Селия отошла в сторонку.
– А нет ли крыжовника, Румбольт?
– Кончился уже. В этом году плохо уродился. Может, пара ягод малины и найдется…
– О… – И Селия ускакала.
– Только все не ешь, – кричал ей Румбольт вслед, – мне нужно миску набрать на сладкое.
Селия продиралась в малиннике, уплетая ягоды за обе щеки. Ягодка или две! Да тут их видимо-невидимо!
Наевшись до отвала, Селия выбралась из малинника. Теперь надо побывать в тайном убежище возле ограды, откуда видна дорога. Трудно было теперь найти вход в убежище, но, наконец, нашла…
Теперь – на кухню, к Раунси. Раунси, безупречно чистенькая и еще больше растолстевшая, ритмично, как всегда, движет челюстями. Милая, милая Раунси – улыбается, растягивая рот до ушей и издавая такой знакомый мягкий гортанный смешок…
– Вот те-на, мисс Селия, ну и выросли же вы.
– А что это ты ешь, Раунси?
– Пеку вот печенье к чаю прислуге.
– А мне кусочек, Раунси?
– Аппетит-то портить.
В общем-то это не отказ! Еще говоря это, Раунси уже направляется к духовке. Открывает дверцу.
– Как раз готовы. Но осторожно, мисс Селия, очень горячо.
О, как хорошо быть опять дома! Оказаться опять в прохладе темных коридоров и там, в окне на лестнице, увидеть зеленый свет бука.
Мать, выходя из спальни, увидела, что Селия стоит, замерев от восторга на верхней ступеньке лестницы, крепко прижав руки к животу.
– Что случилось, деточка? Почему ты держишься за живот?
– Бук, мамочка. Он такой красивый.
– Мне кажется, ты всё чувствуешь животиком, да, Селия?
– У меня там как-то странно болит. Не настоящая боль, мамочка, а приятная такая.
– Ты рада, значит, что опять дома?
– Ох, мамочка!
4.– Румбольт стал мрачнее обычного, – сказал отец за завтраком.
– До чего же мне неприятен этот человек, – воскликнула Мириам. – Зачем мы только его взяли!
– Но ведь он, дорогая, отличный садовник. Лучше его у нас не было. Ты только вспомни, какие в прошлом году были у нас персики.
– Я знаю, знаю. Но брать я его не хотела.
Селия, наверное, еще никогда не слышала, чтобы мать так горячилась. Даже руки стиснула. Отец смотрел на нее снисходительно, примерно так, как смотрел на Селию.

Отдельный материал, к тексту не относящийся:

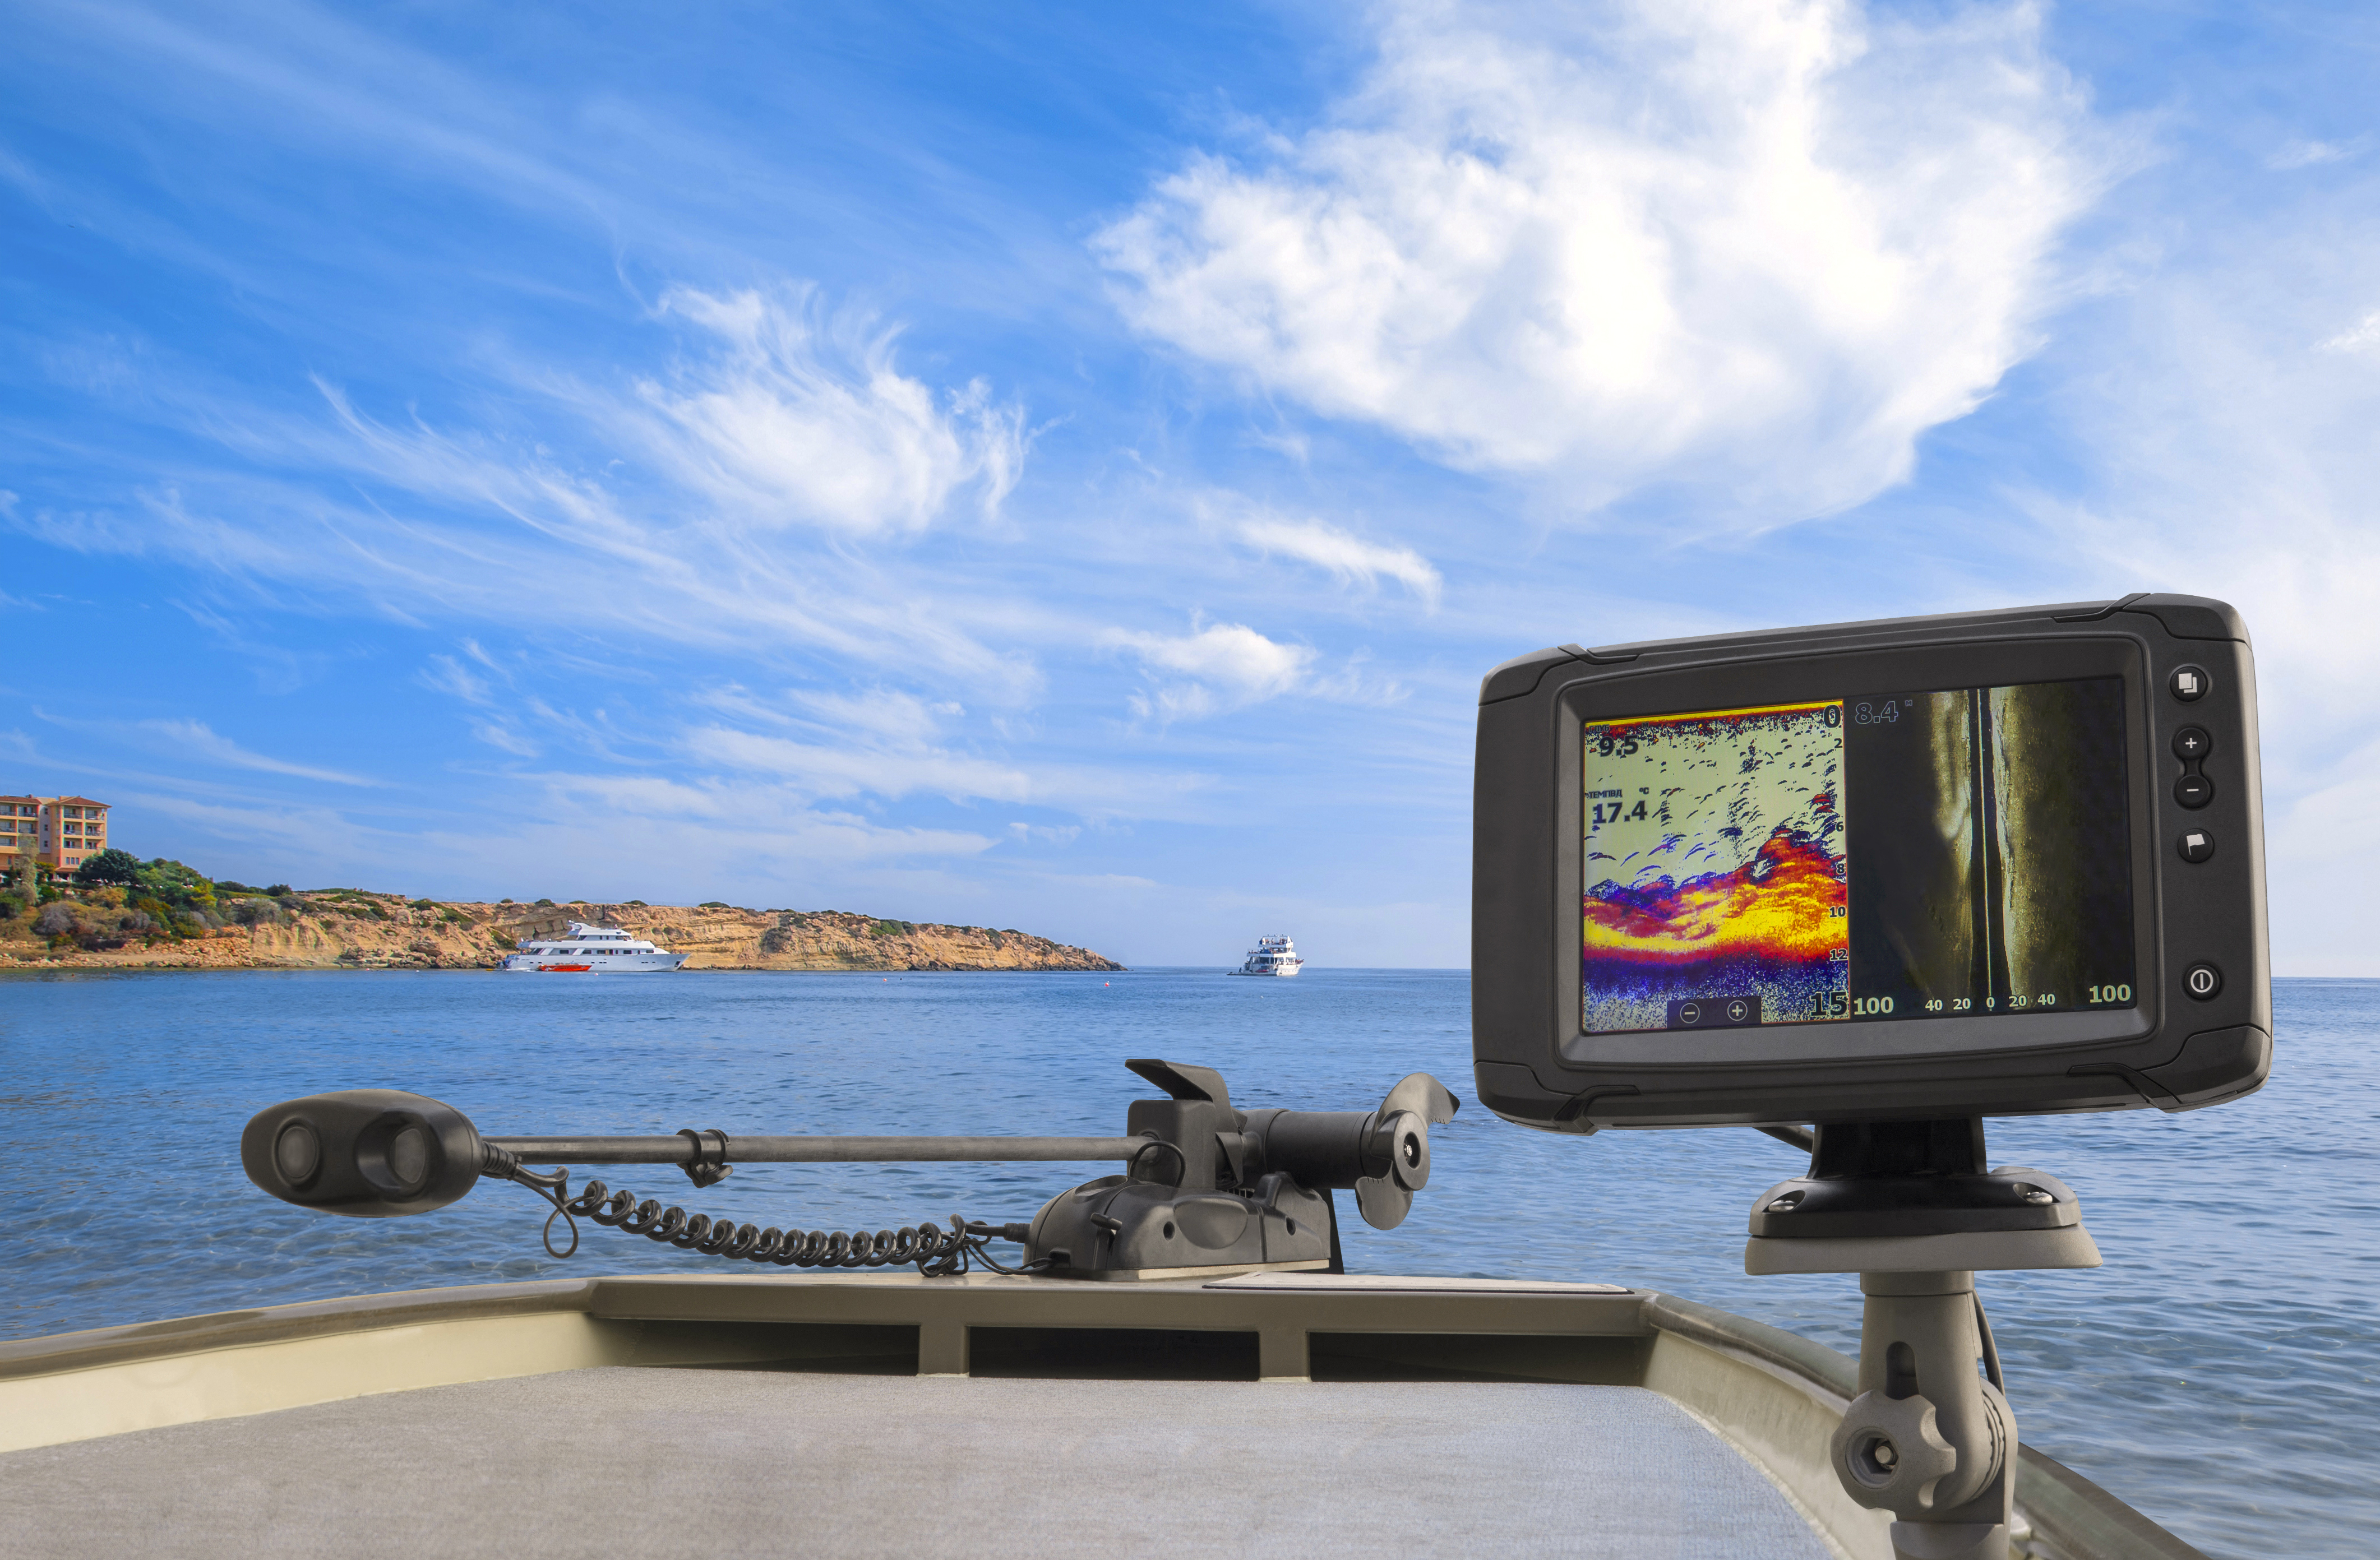 Fishfinder, echolot, fishing sonar at the boat

– Я же тебе уступил, не правда ли? – сказал он добродушно. – Я от него отказался, хотя и были у него отличные рекомендации, и взял вместо него этого неотесанного лентяя Спинейкера.
– Странно все это, – говорит Мириам, – я его терпеть не могу, а потом, уезжая в По, мы сдаем дом, и мистер Роджерс пишет нам, что собирается уволить Спинейкера и взять на его место садовника с отличными рекомендациями, и мы возвращаемся домой и видим, что Румбольт у нас работает.

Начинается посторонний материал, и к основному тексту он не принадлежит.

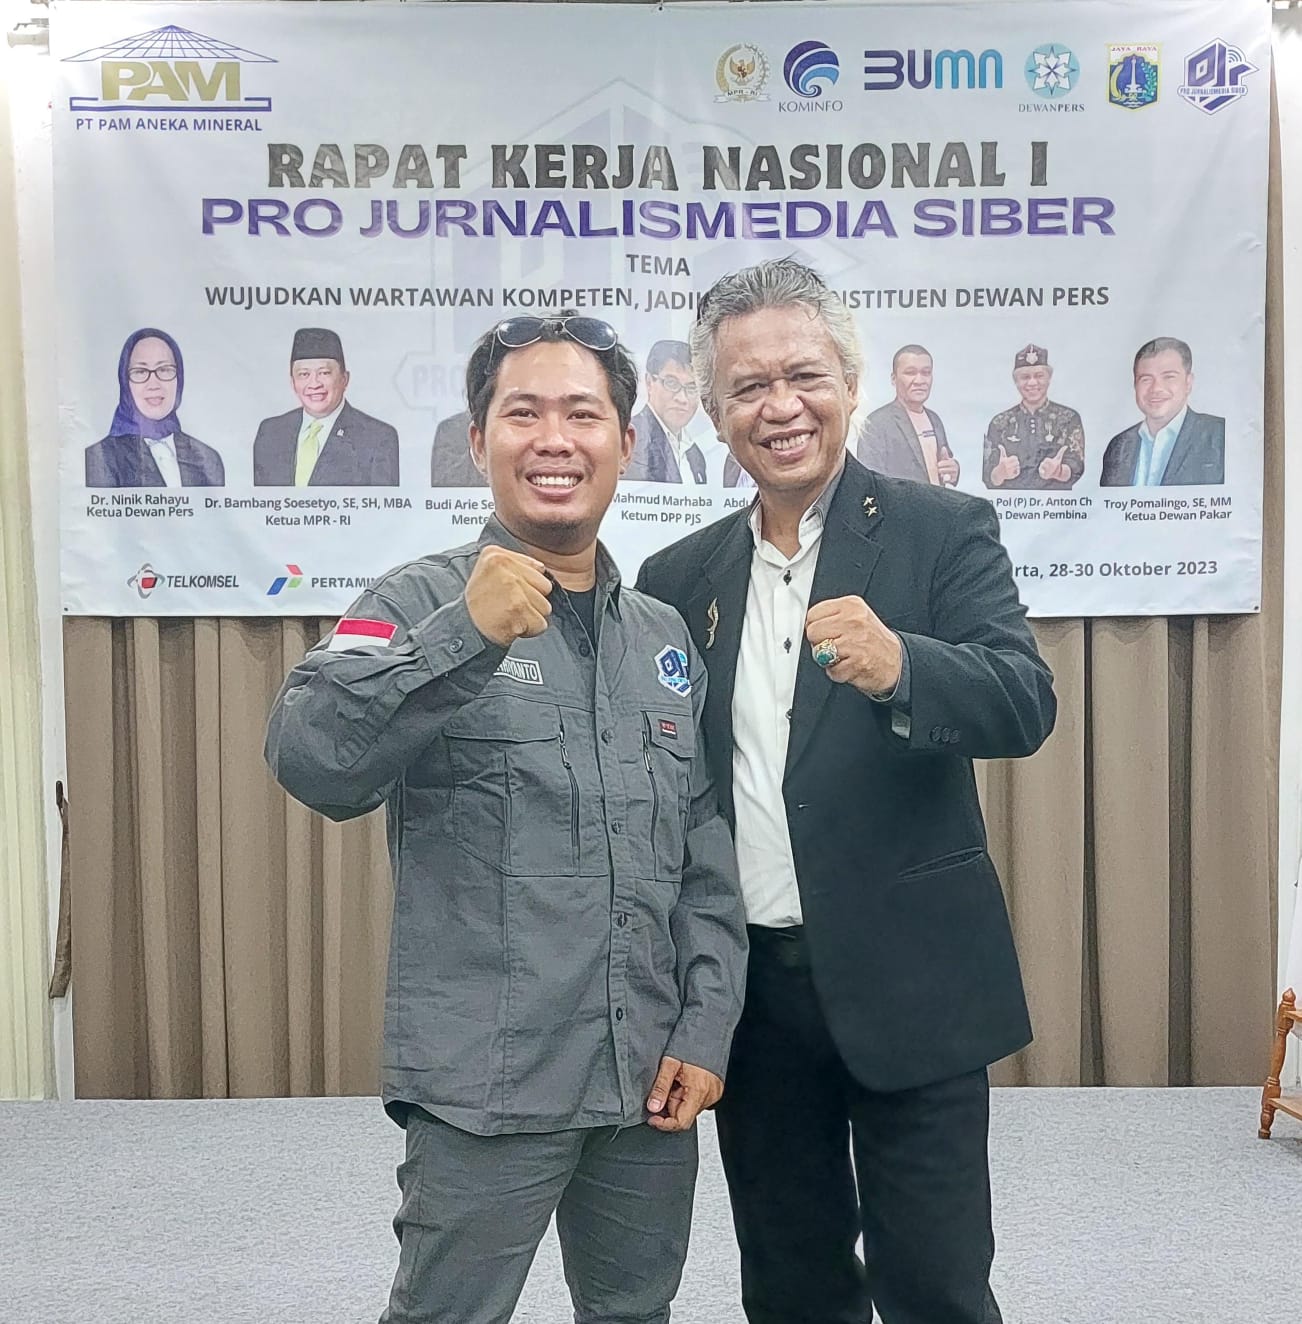 Mas Andre Hariyanto bersama Irjen Pol. Dr. Drs. H. Anton Charliyan M.P.K.N, - Mantan Kepala Divisi Humas Polri, - Kepala Kepolisian Daerah Jawa Barat, Mulai menjabat 12 Desember 2016.

– Не могу понять, Мириам, почему ты его не переносишь. Он несколько мрачноват, но в общем-то очень при личный малый.
Мириам поежилась.
– Не знаю, в чем дело. Просто что-то не так.
И она уставилась прямо перед собой невидящим взглядом.
Вошла горничная.
– Миссис Румбольт, с вашего позволения, хотела бы переговорить с вами, сэр. Она там, у входа.
– Что ей надо? А, ну ладно, пойду узнаю.
Он бросил на стол салфетку и вышел. Селия уставилась на мать. Как смешно выглядела мамочка – как если бы она очень чего-то испугалась.
Вернулся отец.
– Румбольт не приходил вчера домой ночевать. Странное дело. Я думаю, они скандалили в последнее время.
Он повернулся к горничной, все еще стоявшей в комнате.
– Румбольт сегодня здесь?
– Я его не видела, сэр. Спрошу у миссис Раунсуэлл.
Отец снова вышел из комнаты. Вернулся минут через пять. Когда он вошел, Мириам вскрикнула, и даже Селия испугалась.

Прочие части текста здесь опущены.